PUBLIC_KEY = RSA.importKey(PUBLIC_KEY)
LOG_FORMAT = '[%(asctime)-15s - %(levelname)s: %(message)s]'
# May be more, but there is a limit.
# I suppose, the algorithm requires enough padding,
# and size of padding depends on key length.
MAX_MSG_LEN = 128
# Size of a block encoded with padding. For a 2048-bit key seems to be OK.
ENCODED_CHUNK_LEN = 256
def encode_msg(msg):
res = []
k = pkcs1.new(PUBLIC_KEY)
for i in xrange(0, len(msg), MAX_MSG_LEN):
v = k.encrypt(msg[i : i+MAX_MSG_LEN])
# There are nicer ways to make a readable line from data than using hex. However, using
# hex representation requires no extra code, so let it be hex.
res.append(v.encode('hex'))
assert len(v) == ENCODED_CHUNK_LEN
return ''.join(res)
def decode_msg(msg, private_key):
msg = msg.decode('hex')
res = []
k = pkcs1.new(private_key)
for i in xrange(0, len(msg), ENCODED_CHUNK_LEN):
res.append(k.decrypt(msg[i : i+ENCODED_CHUNK_LEN]))
return ''.join(res)
class CryptoFormatter(logging.Formatter):
NOT_SECRET = ('CRITICAL',)
def format(self, record):
"""
If needed, I may encode only certain types of messages.
"""
try:
msg = logging.Formatter.format(self, record)
if not record.levelname in self.NOT_SECRET:
msg = encode_msg(logging.Formatter.format(self, record))
return msg
except:
import traceback
return traceback.format_exc()
def decrypt_file(key_fname, data_fname):
"""
The function decrypts logs and never runs on server. In fact,
server does not have a private key at all. The only key owner
is server admin.
"""
res = ''
with open(key_fname, 'r') as kf:
pkey = RSA.importKey(kf.read())
with open(data_fname, 'r') as f:
for l in f:
l = l.strip()
if l:
try:
res += decode_msg(l, pkey) + '\n'
except Exception: # A line may be unencrypted
res += l + '\n'
return res
# Unfortunately dictConfig() does not support altering formatter class.
# Anyway, in demo code I am not going to use dictConfig().
logger = logging.getLogger()
handler = logging.StreamHandler(sys.stderr)
handler.setFormatter(CryptoFormatter(LOG_FORMAT))
logger.handlers = []
logger.addHandler(handler)
logging.warning("This is secret")
logging.critical("This is not secret")
UPDATE: Thanks to the accepted answer below, now I see:
My solution seems to be pretty valid for now (very few log entries, no performance considerations, more or less trusted storage). Concerning security, the best thing I can do right now is not forgetting to prohibit the user who runs my daemon from writing to the .py
and .pyc
files of the program. :-) However, if the user is compromised, he still may try to attach a debugger to my daemon process, so I should also disable login for him. Pretty obvious moments, but very important ones.

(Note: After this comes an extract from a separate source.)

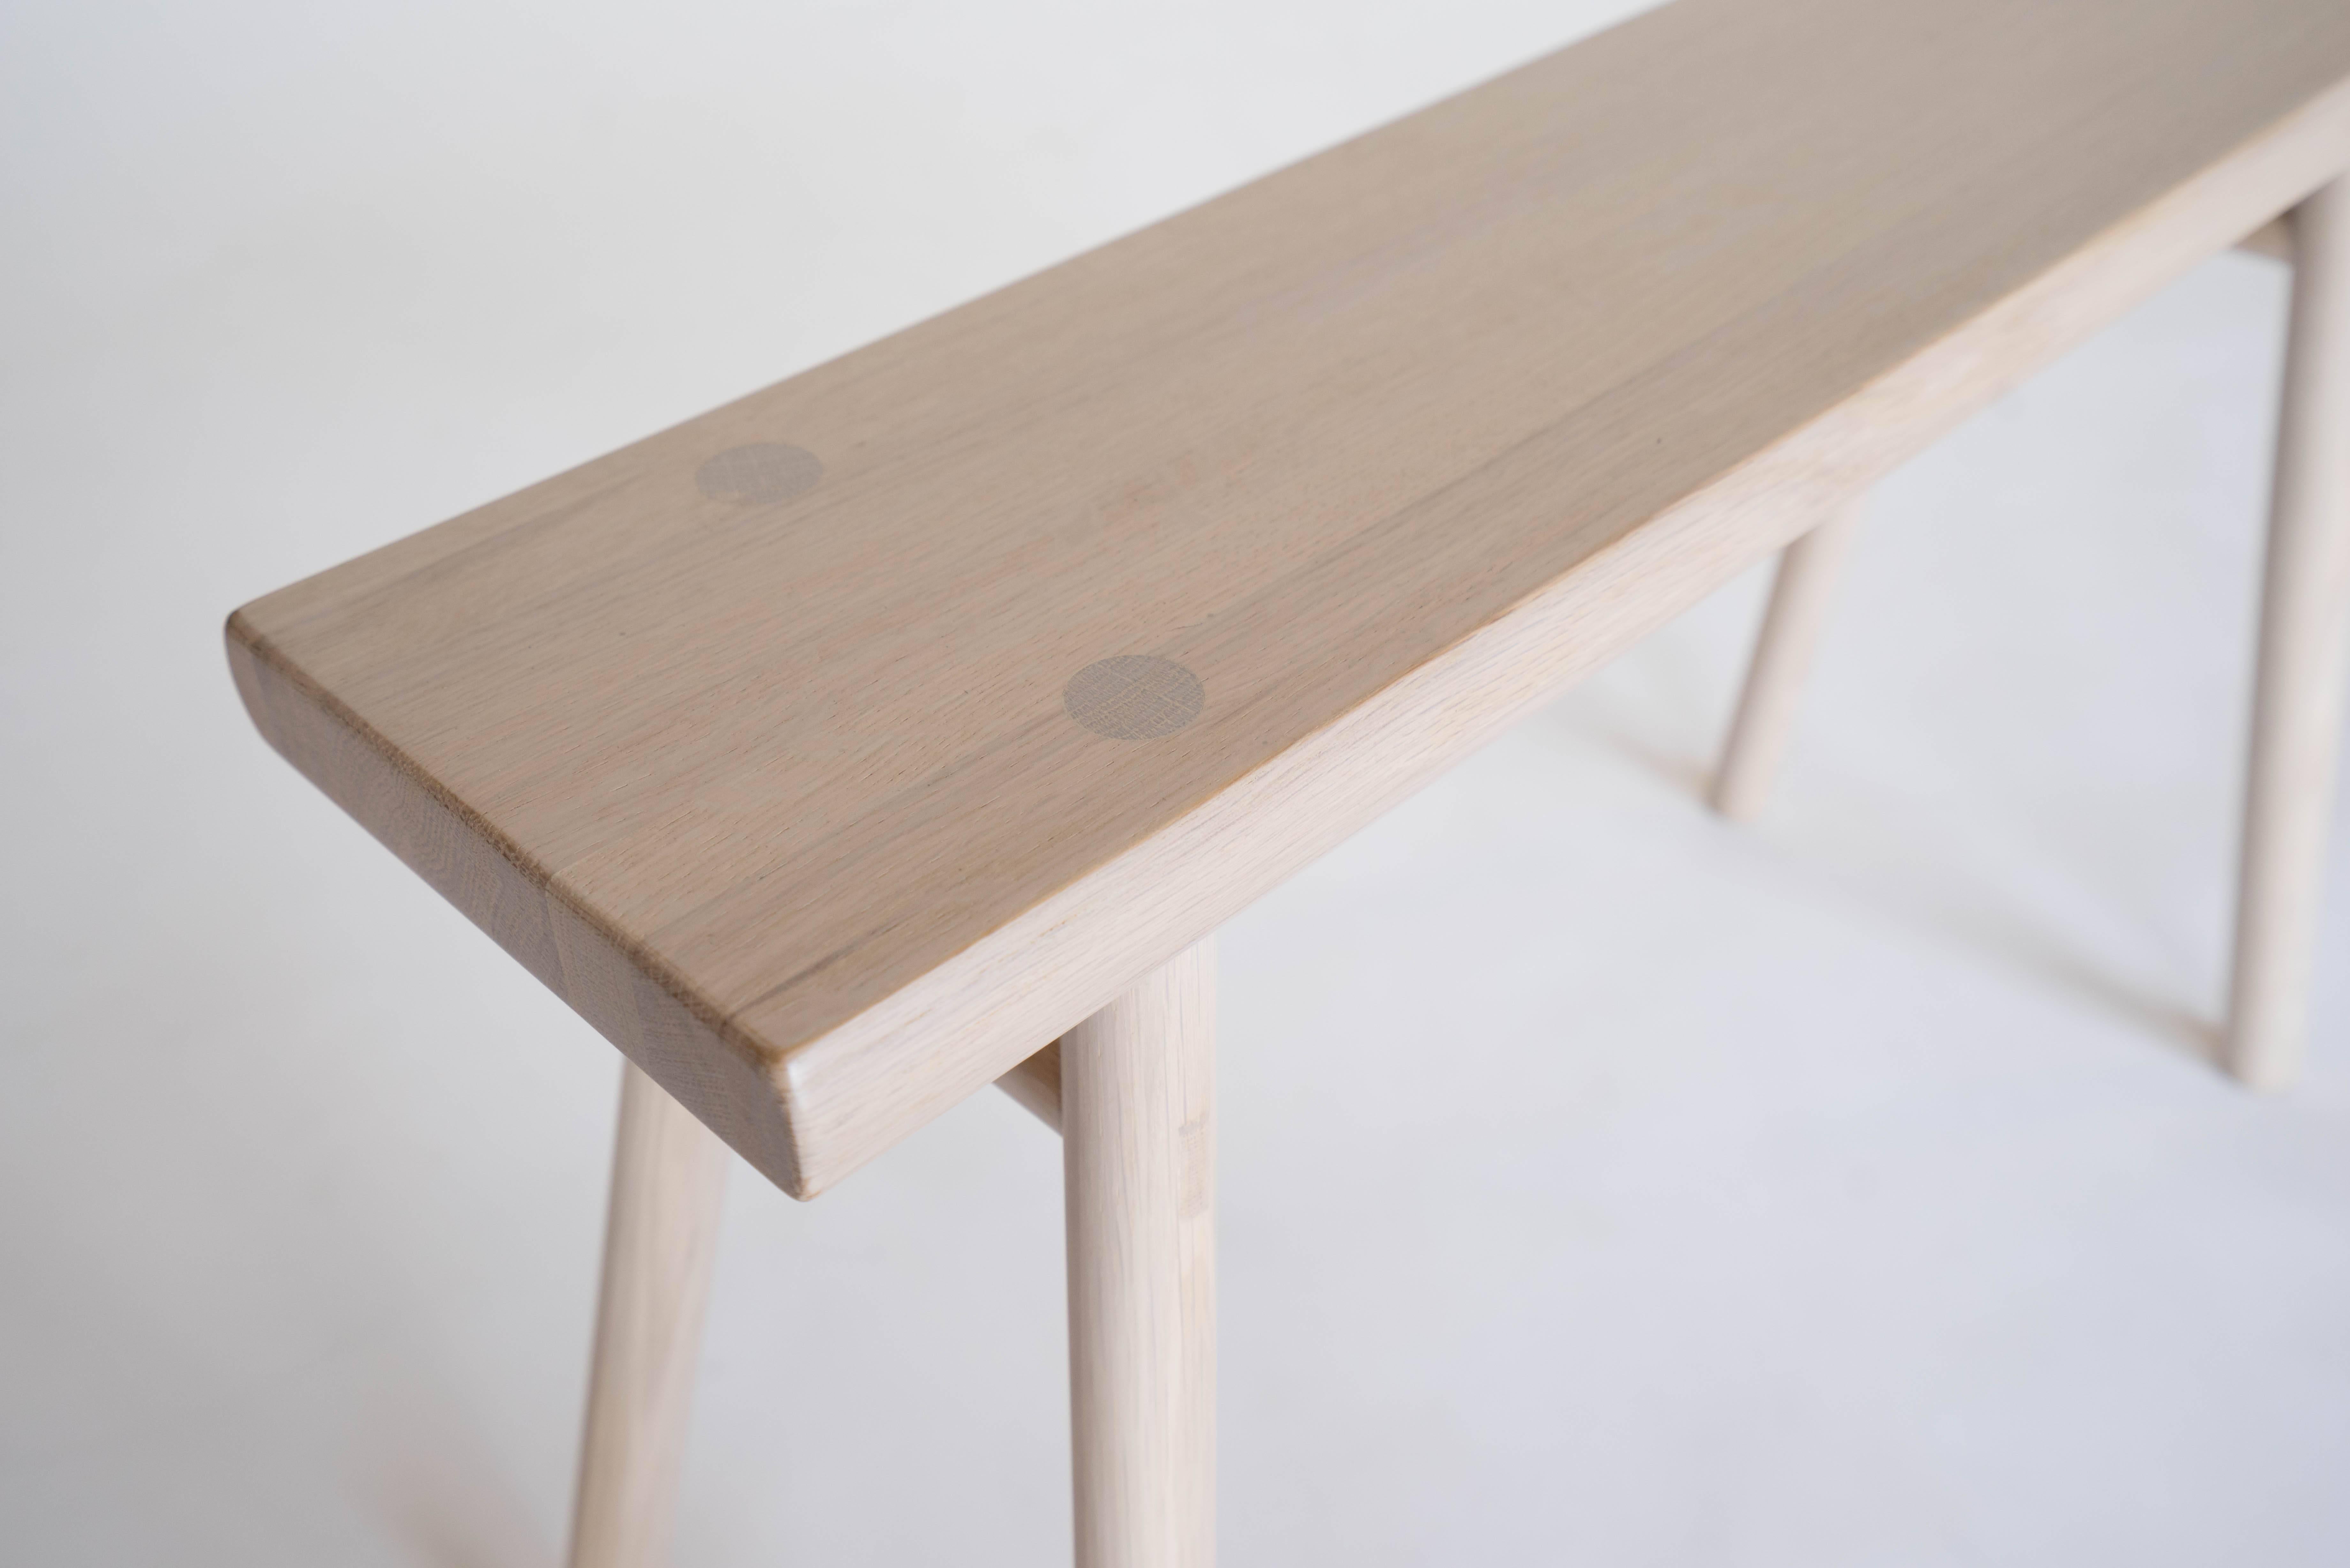 Chinese Wing Stand by Sun at Six, Nude: Minimalist Stool / Bench / Side Table in Wood

Surely there are solutions being much more scalable. A very common technique is to encrypt AES keys with slow but reliable RSA, and to encrypt data with the AES that is pretty fast. Data encryption in the case is symmetric, but retrieving the AES key requires either breaking RSA, or getting it from memory when my program is running. Stream encryption with higher-level libraries and binary log file format also are a way to go, though binary log format encrypted as a stream should be very vulnerable to log corruption, even a sudden reboot due to electricity blackout may be a problem unless I do some things at a lower level (at least log rotation on each daemon start).
I changed .encode('hex')
to .encode('base64').replace('\n').replace('\r')
. Fortunately, the base64 codec works fine with no line ends. It saves some space.

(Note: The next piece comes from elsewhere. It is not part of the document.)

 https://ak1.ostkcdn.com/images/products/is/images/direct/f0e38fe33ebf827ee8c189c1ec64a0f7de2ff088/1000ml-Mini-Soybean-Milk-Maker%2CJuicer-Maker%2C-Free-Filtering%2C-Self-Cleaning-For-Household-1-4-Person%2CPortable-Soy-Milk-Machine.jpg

Using an untrusted storage may require signing records, but that seems to be another story.
Checking if the string is encrypted based on catching exceptions is ok, since, unless the log is tampered with by a malicious user, it's base64 codec who raises an exception, not RSA decryption.
You seem to encrypt data directly with RSA. This is relatively slow, and has the problem that you can only encrypt small parts of data. Distinguishing encrypted from plaintext data based on "decryption doesn't work" is also not a very clean solution, although it will probably work. You do use OAEP, which is good. You may want to use base64 instead of hex to save space.
However, crypto is easy to get wrong. For this reason, you should always use high-level crypto libraries wherever possible. Anything where you have to specify padding schemes yourself isn't "high-level". I am not sure if you will be able to create an efficient, line-based log encryption system without resorting to rather low-level libraries, though.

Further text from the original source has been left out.